Sunday should pay same as Saturday: Productivity Commission

A LONG-awaited draft report into the nation's workplace relations laws has recommended an overhaul of penalty rates and a small rise to the minimum wage.

The Productivity Commission report recommended Sunday penalty and overtime rates should be aligned with Saturday rates across the retail and hospitality sectors.

But the mooted changes would safeguard penalty rates for nurses, police and other emergency workers.

The commission also recommended creating a new statutory enterprise contract for small to medium businesses, giving employees the option of opting out of it after a year if they are not happy with it.

Commission chair Peter Harris said Australia's workplace relations system was not dysfunctional.

He said it needed repair not replacement.

"Many features work well, especially given the need to find balance between the conflicting goals of the parties involved," he said.

"Changes to the workplace relations framework have to recognise that it is not just about the economics.

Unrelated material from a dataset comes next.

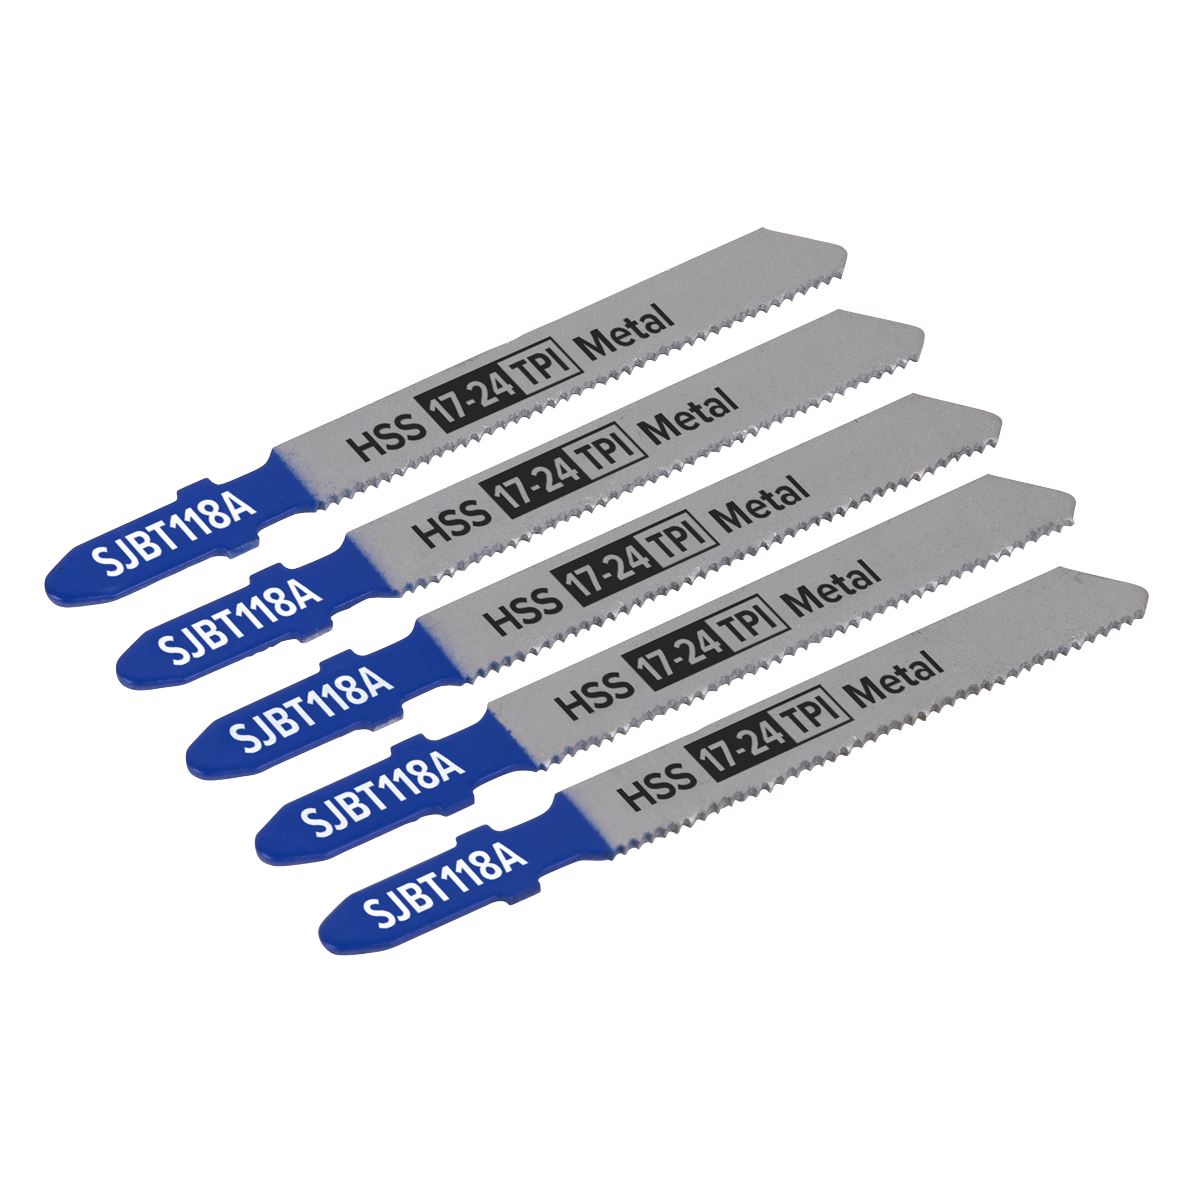 Sealey Jigsaw Blade Metal 92mm 17-24tpi - Pack of 5

"There are ethical and community norms about the way in which a country treats its employees.

"Nevertheless, important reforms are needed, preferably soon."

Employment Minister Eric Abetz said the draft recommendations are now open for comment before the commission handed down its final report later this year.

"I encourage employees, employers and their representatives to make further submissions as part of the consultation stage," he said.

"I trust that Labor, the unions and all interested parties respond to this independent evidence-based inquiry by having a genuine conversation about how the Fair Work Laws can work best for employees, employers and the economy as a whole."

Opposition Leader Bill Shorten said the Abbott Government was determined to return to the WorkChoices era through stealth.

He said the recommendations contained in the report sold Australian workers short.

Treasurer Joe Hockey and Employment Minister Eric Abetz commissioned the review of the Fair Work Act in December.

The Productivity Commission was tasked with examining how workplace laws impact job creation, fair conditions for workers, productivity, investment and the needs of small business.

The commission received 255 submissions including 24 from various unions.

Greens Leader Adam Brandt vowed to make penalty rates an election issue, saying any cuts to penalty rates would be a blow for young people across the country.